Global Business Sales, or GBS, serves leaders and their teams beyond IT. This includes HR, supply chain, finance, marketing, sales, legal and more. GBS contract value grew 14%.
Through a relentless execution of proven practices, we're able to deliver unparalleled value to our clients. Our business remains resilient despite a persistent, complicated, external environment and top compares for the technology vendor market.
Gartner Conferences deliver extraordinarily valuable insights to an engaged and qualified audience. This will be the first full year of in-person conferences since 2019. We're having a great year. In-person attendance and advanced bookings are at record levels. The fourth quarter is off to a great start, and our outlook for the year remains strong.

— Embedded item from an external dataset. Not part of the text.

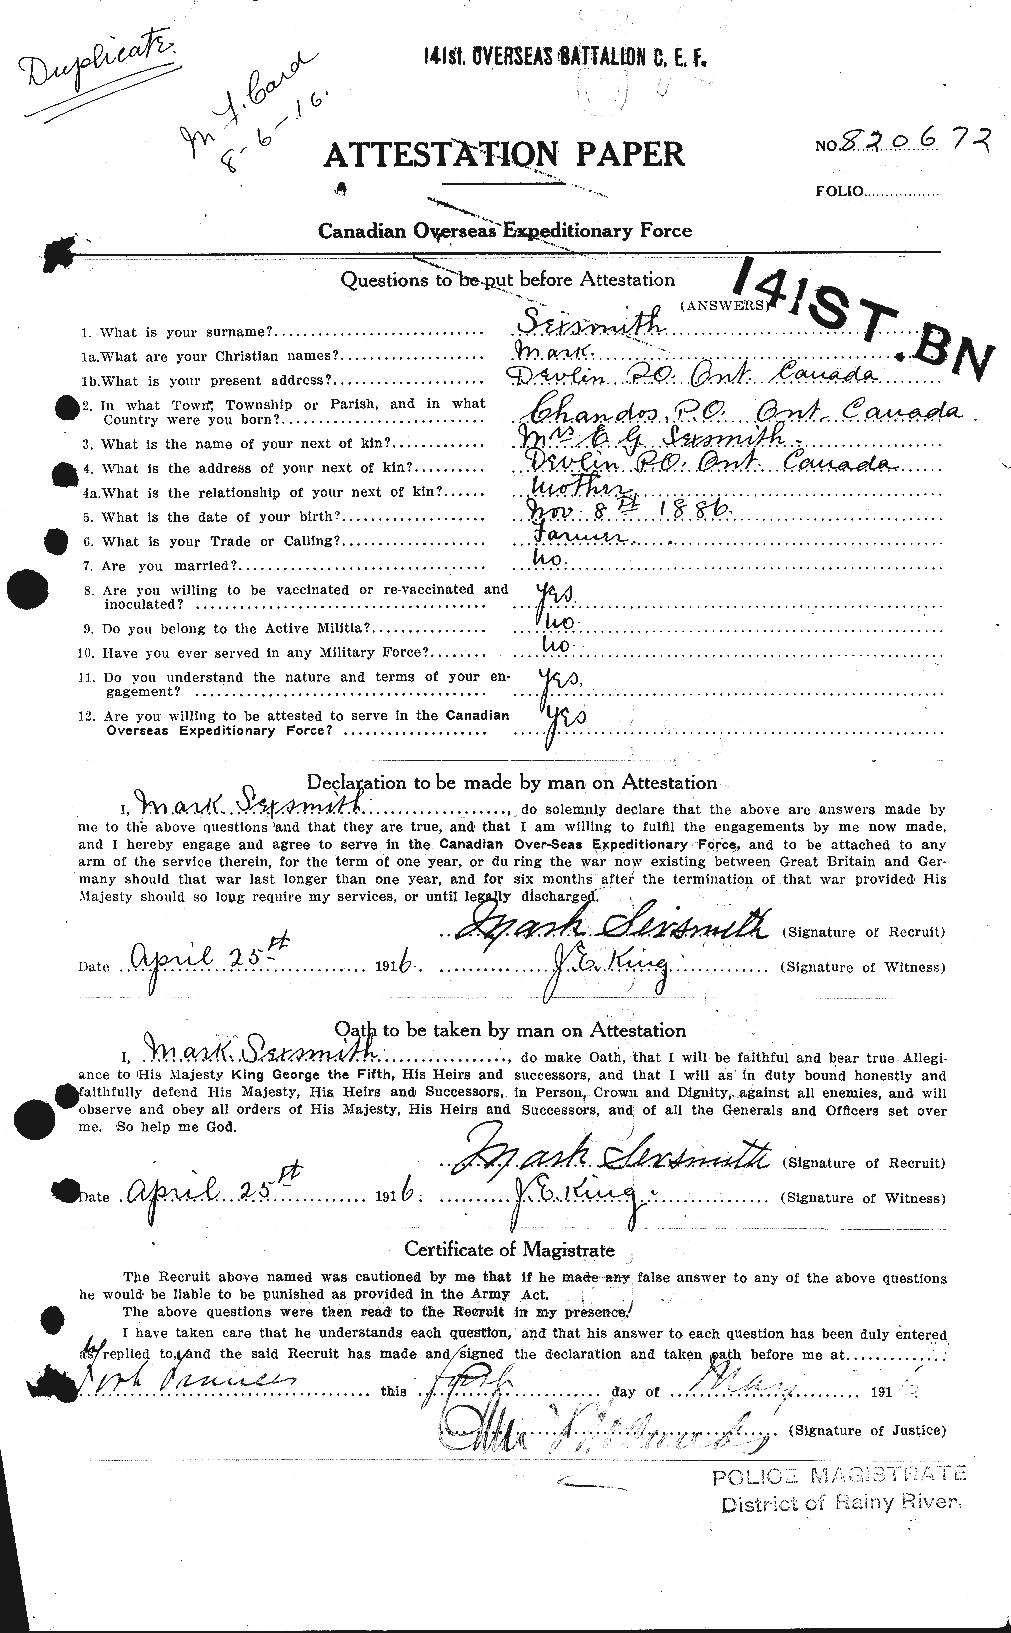 Personnel Records of the First World War - CEF 089556a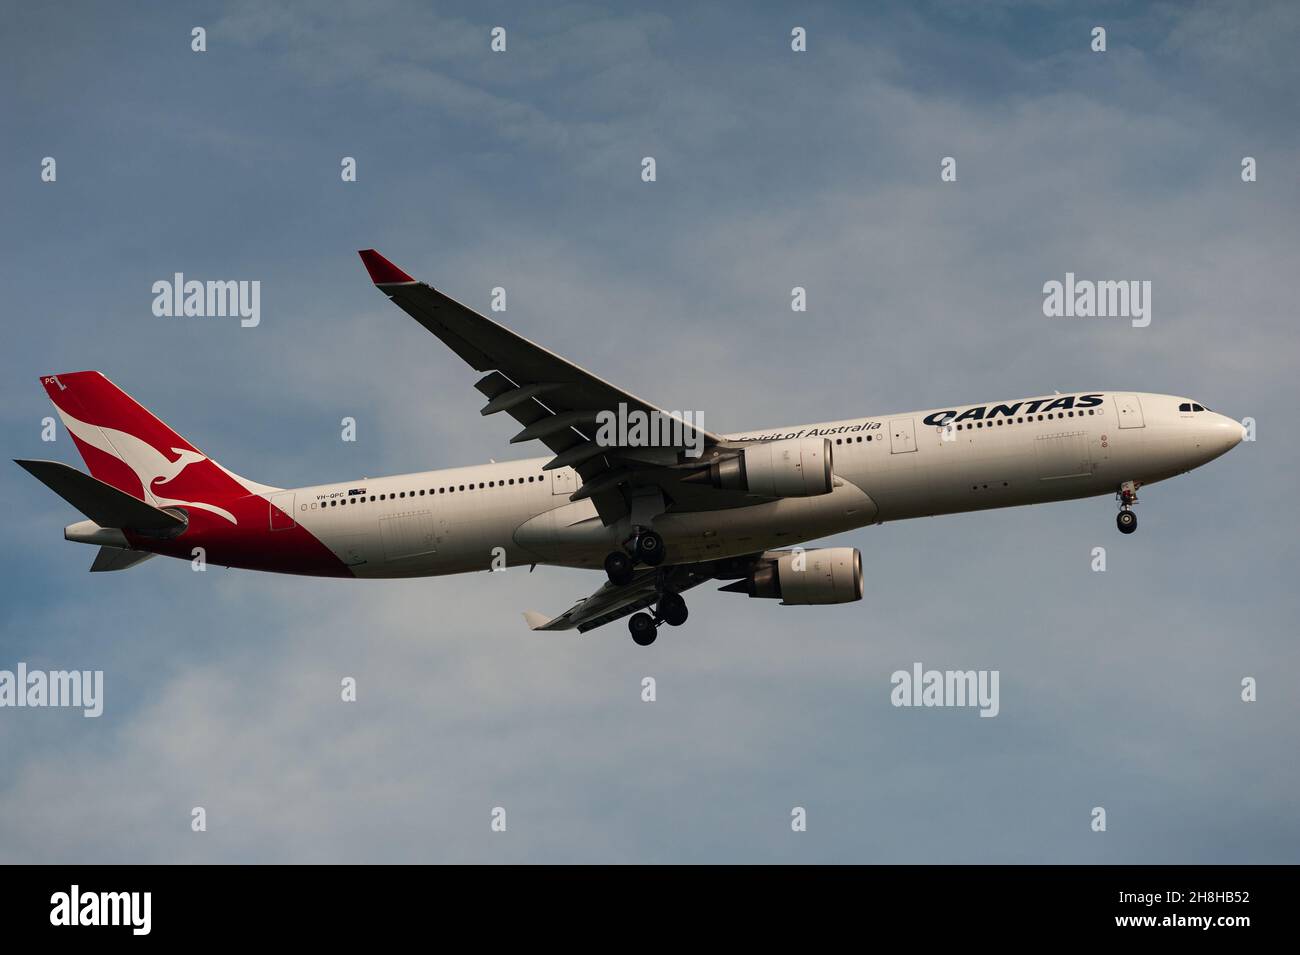 29.11.2021, Singapore, Republic of Singapore, Asia - Airbus A330 passenger aircraft of the Australian airline Qantas Airways approaches Changi Airport. Stock Photo

IT Symposium/Xpo is our flagship conference in series. I recently attended this conference in Orlando. Attendance was strong. Our sales teams were highly engaged with clients and prospects, and feedback from the conference continues to be excellent.
Gartner Consulting is an extension of Gartner Research. Consulting helps clients execute their most strategic initiatives through a deeper extended project-based work. Consulting is an important complement to our IT research business. Consulting revenue grew 23% of the quarter, with record results in contract optimization.
Given the strong performance across business, we've increased our 2023 guidance for revenue, EBITDA and free cash flow. Craig will take you to the details. We're well positioned to strong close to the year and get off to a fast start in 2024.
In closing, Gartner achieved another strong growth. We deliver unparalleled value to enterprise leaders and their teams across every major function, whether they're thriving, struggling or anywhere in between. We're exceptionally agile and continuously adapt to the changing world. We know the right things to do to be successful in any environment. Looking ahead, we are well positioned to continue our strong record of success far into the future.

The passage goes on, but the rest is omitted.